On leaving the cinema, I received a text from my horror fanatic younger brother: “Well? Was it good or just scary?” and without knowing it, he’d somehow hit the nail on the head for Adam Wingard’s reboot of the Blair Witch franchise.
Maybe that was Wingard’s goal; the plot of Blair Witch is so similar to 1999’s The Blair Witch Project that his decision to reboot is questionable anyway, and perhaps Blair Witch really serves as a more easily marketable version for the jump-scare junkies of the Paranormal Activity generation.
That’s not to say that Blair Witch doesn’t have its moments; the sound mixing throughout is a total affront to the senses, and allows the forest to take on a terrifying life of its own. Equally horrifying is a scene towards the film’s climax, in which Lisa (Callie Hernandez) finds herself trapped in an underground tunnel. Wingard pays appropriate homage to the ingenious camera work of the 1999 original, and so the audience watch in cringing silence as Hernandez writhes to free herself.
This is where the Blair Witch franchise has always excelled, in taking feasible situations and making them hideous. To show the audience the witch has always been and should always be unnecessary, but Wingard’s answer to the original film is so lacking in new content that a brief CGI appearance seemingly couldn’t be avoided. Fans of The Blair Witch Project will enjoy the plethora of references to the 1999 hit, but ultimately Blair Witch relies far too heavily on them, without giving its audiences anything new to lose sleep over.
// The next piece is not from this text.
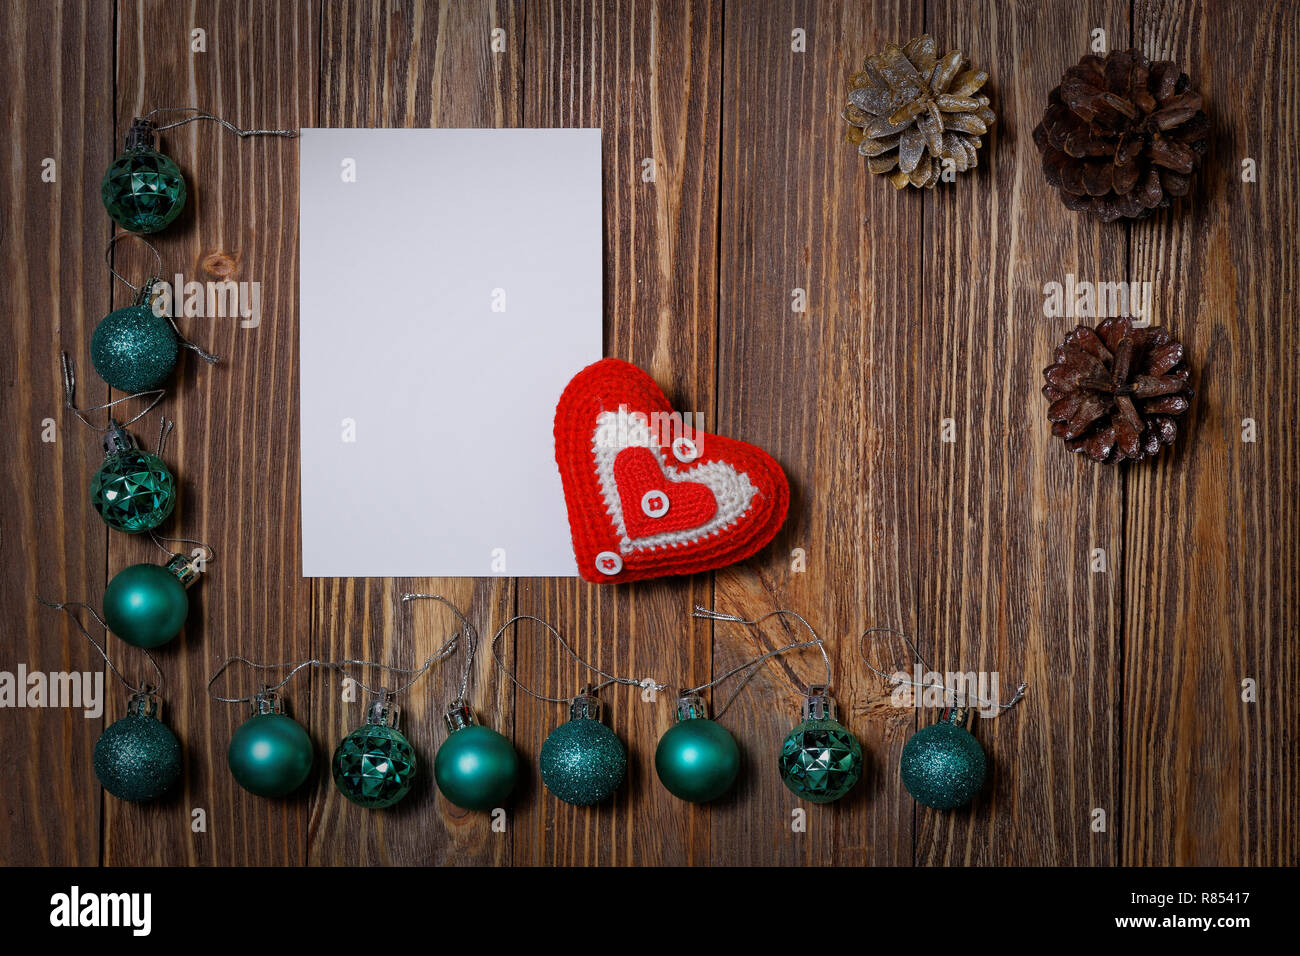 Décorations de noël ornement - des boules de Noël, pomme et coeur sur fond de bois. Copyspace. Banque D'Images

Disappointingly, Wingard upholds a couple of horror tropes that should have stayed firmly in the 90’s (note to horror directors: no woman sits alone in her bedroom loading battery packs into her camera equipment wearing only a tiny shirt and knee high socks. No one does that). Similarly, Corbin Reid’s character’s storyline is much like the dreaded forest itself; in that it leads an audience absolutely nowhere. That said, this is a genuinely scary watch, and still a refreshing break from the unimaginative slasher/possessed child trend. I won’t be camping any time soon.